_EXERCISE:_ Extract the whole listing as it stands. Do not include the pictures.

_SUPPLIED MATERIAL:_
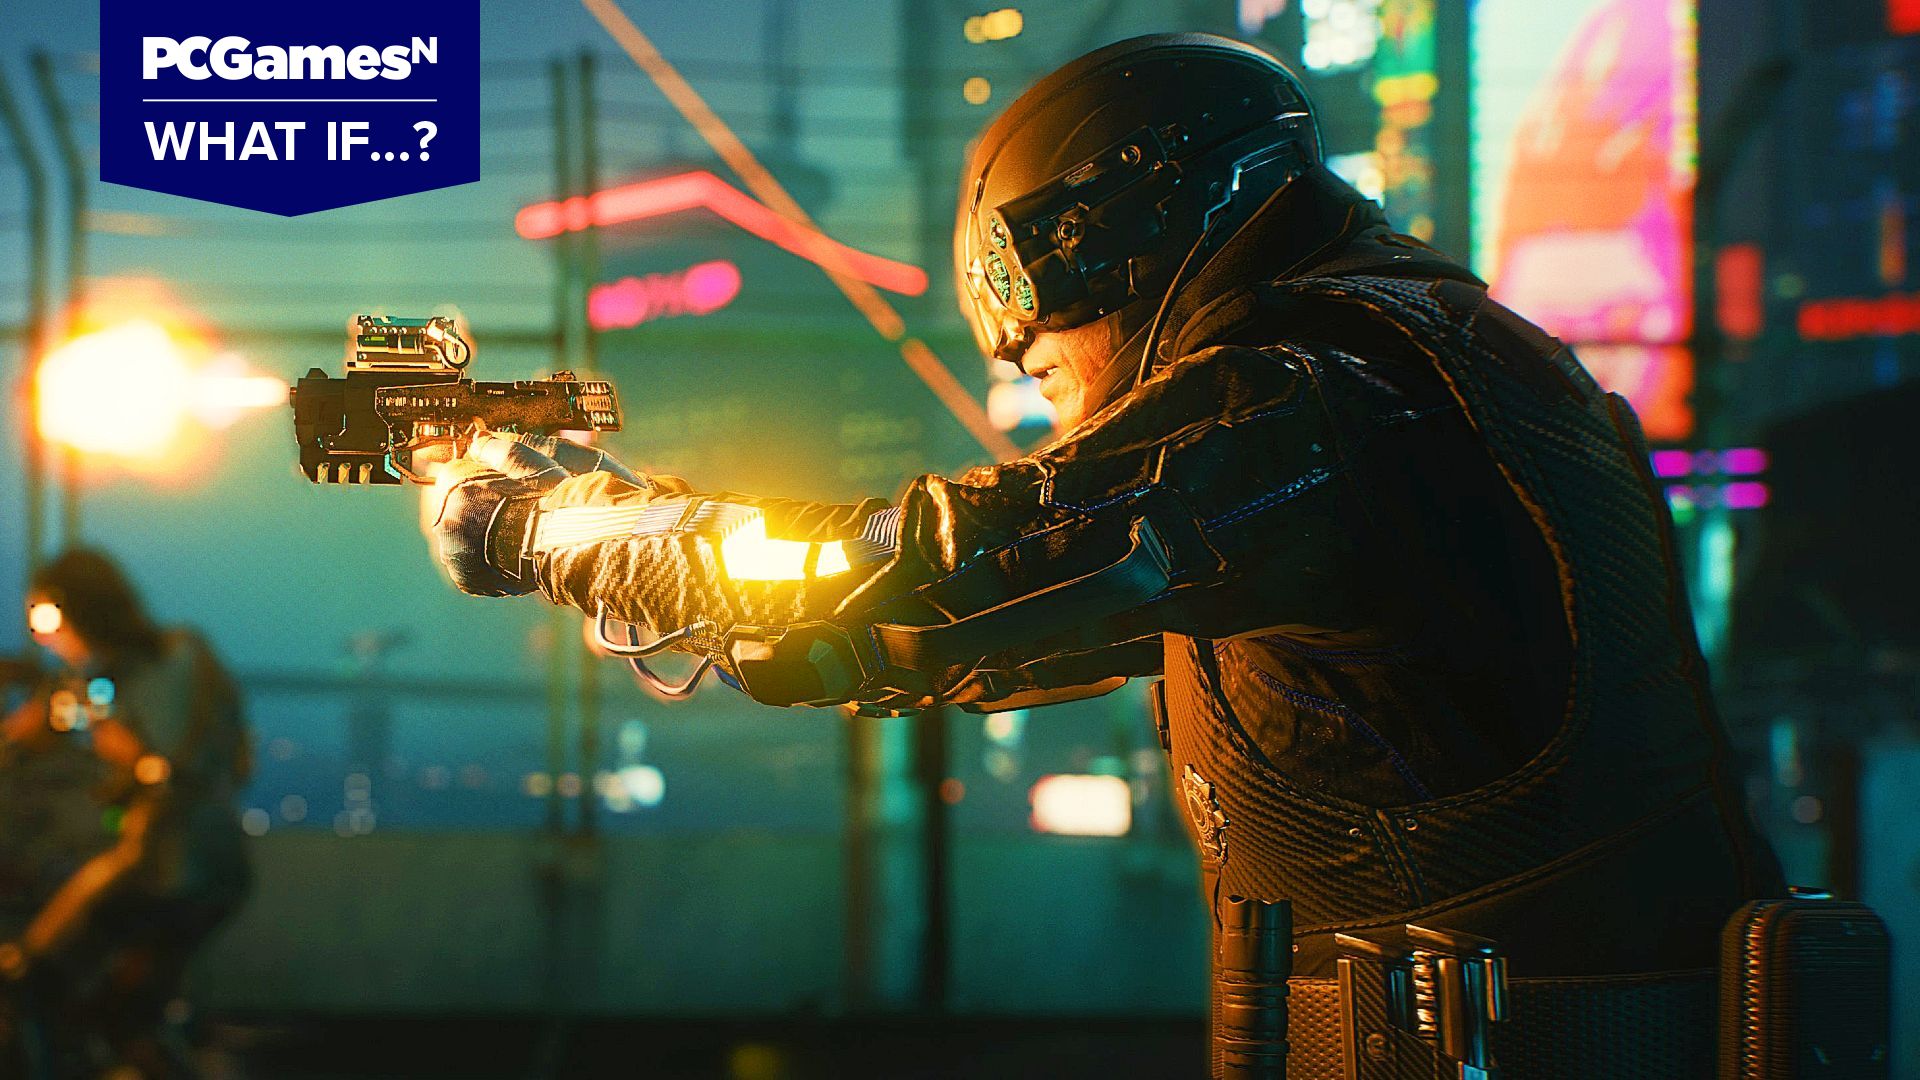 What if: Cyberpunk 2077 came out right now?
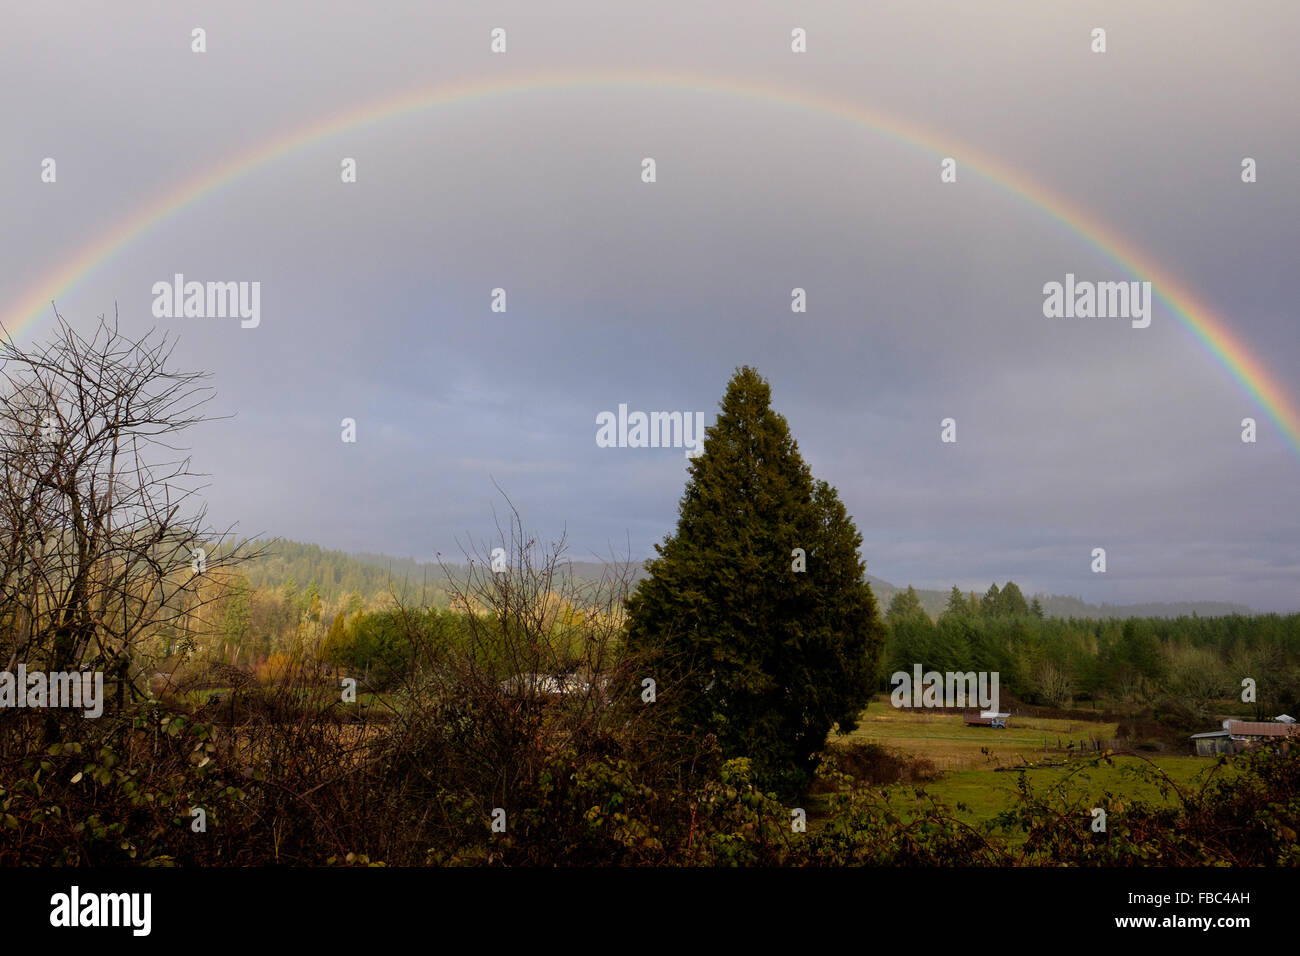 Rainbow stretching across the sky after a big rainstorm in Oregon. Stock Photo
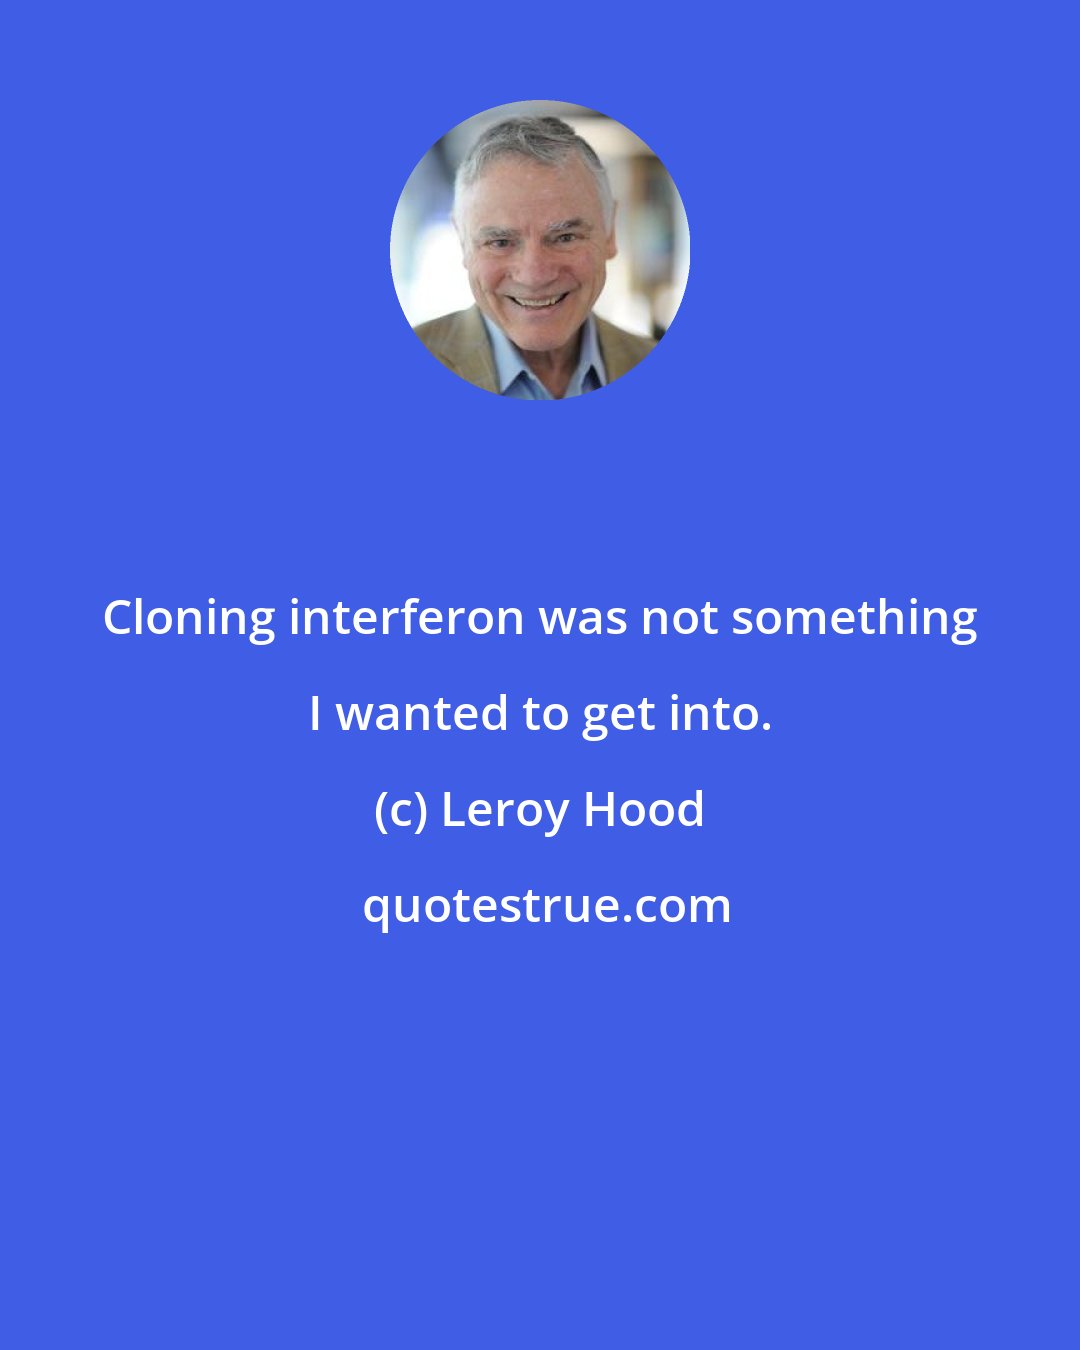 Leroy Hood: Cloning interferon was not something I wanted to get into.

_RESPONSE TO THE EXERCISE:_
 What if: Cyberpunk 2077 came out right now?
 Rainbow stretching across the sky after a big rainstorm in Oregon. Stock Photo
 Leroy Hood: Cloning interferon was not something I wanted to get into.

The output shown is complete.